Showing posts with label geese. Show all posts
Showing posts with label geese. Show all posts

Wednesday, December 5, 2007

The Truck, the Law, and the U.S.

During hunting season, I take my husky out to the state land after dark. Sure, this makes running on forest trails a bit tricky, but if not that, I’d have to run along the canal trail with endless headlights in my face, or not run at all, or risk the hunters. So I run at night.

About seven o’clock, on my way to the dirt road down to the Stoney Pond trails, I passed a pickup in the parking area, apparently with someone there. I slowed my car and turned the headlights to check it out—some guy in an orange vest just sitting on the tailgate, patiently waiting. I had my suspicions, but he seemed fine, and since I could do nothing, continued.

After parking and running for about a quarter of a mile, my suspicions were likely confirmed. Blam! Blam! Just two shots, and this guy presumably got his deer, illegally, probably even driving over to pick it up. And not unique—a friend who lives 20 miles south of here reports that she hears shots daily before dawn (also illegal), and another woman I frequently run across walking her dog reports chasing hunters off her land regularly.

A few springs ago, I ran into a young guy carrying a bow and arrow, pregnant wife trotting behind him, campers from the campsite half a mile away. “Seen any geese?” he asked. How could I not. I had my dog on a retractable leash precisely because we saw plenty of geese, raising their goslings. Definitely not in season, and for good reason. He even suggested my dog could flush them for him (she’d hunt them herself, however). I declined.

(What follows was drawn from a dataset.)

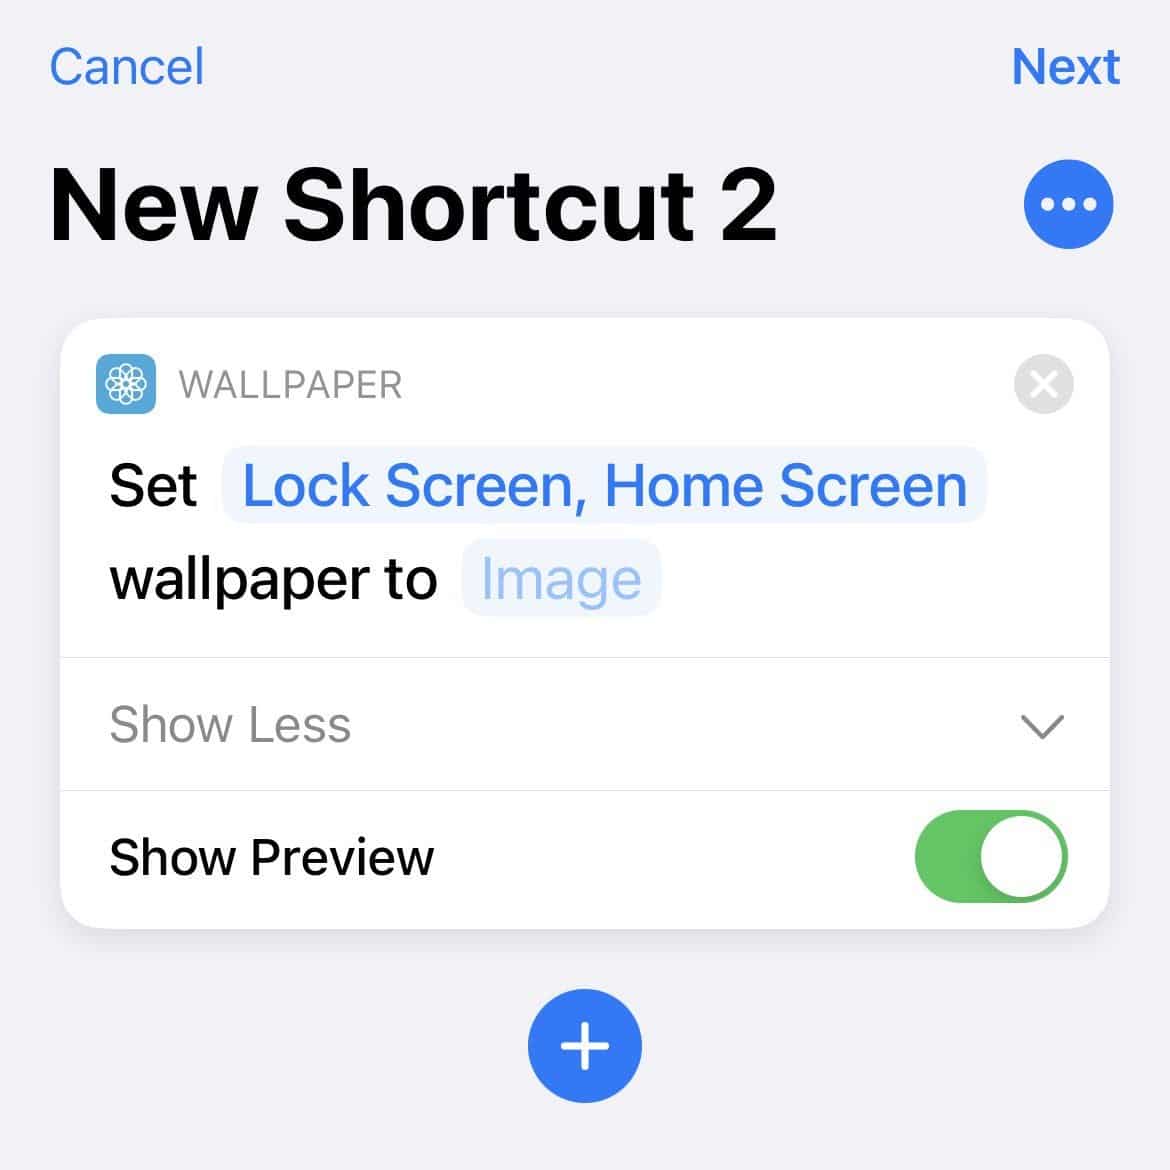 Wallpaper action in Shortcuts

Disregard for the law seems widespread. At first a few, and now many or even most of the nutty drivers doing dumb moves on the road are, as I take a look, on their cell phones. Let’s not even get into speeding or stop signs. Laws apply to other people. We’re a nation of law-breakers.

Starts at the top. The Bush Administration’s “interpretation” of U.S. law the Constitution has been creative at best. During the Nixon Administration’s woes, the mantra was “the President is not above the law.” Contrast that with Cheney’s contention that the administration makes reality.

What do we do with this? The U.S. is in a never-ending war in Iraq because of the Cheney/Rumsfeld version of reality proved either stupid or an outright lie. Certainly the White House lied about the details leading to the conflict. Now the news that the rhetoric about Iran’s nuclear progress is untrue—and was reported to the White House months ago.

What happens when the government actually does tell the truth, should that ever happen? How would we know?

And how can we pretend to be a nation of laws when both government and citizenry ignore those laws they find inconvenient?

We have found the enemy, as Pogo used to report, and “they is us.”

Writer

Friday, July 6, 2007

Wolf, Pig, Pup, and Woodchuck

The local paper couldn’t help but catch my eye with a large color photo splashed across the front page—it seemed exactly my dog, a white husky mix, chewing on a cell phone.

But this was an Artic Wolf at the zoo. A toddler had thrown Mom’s cell phone into the wolf exhibit. Zoo officials retrieved the remnants of the phone. “I was just worried the wolf would be hurt by the small parts,” reported Mom. The headline? “Call of the Wild.”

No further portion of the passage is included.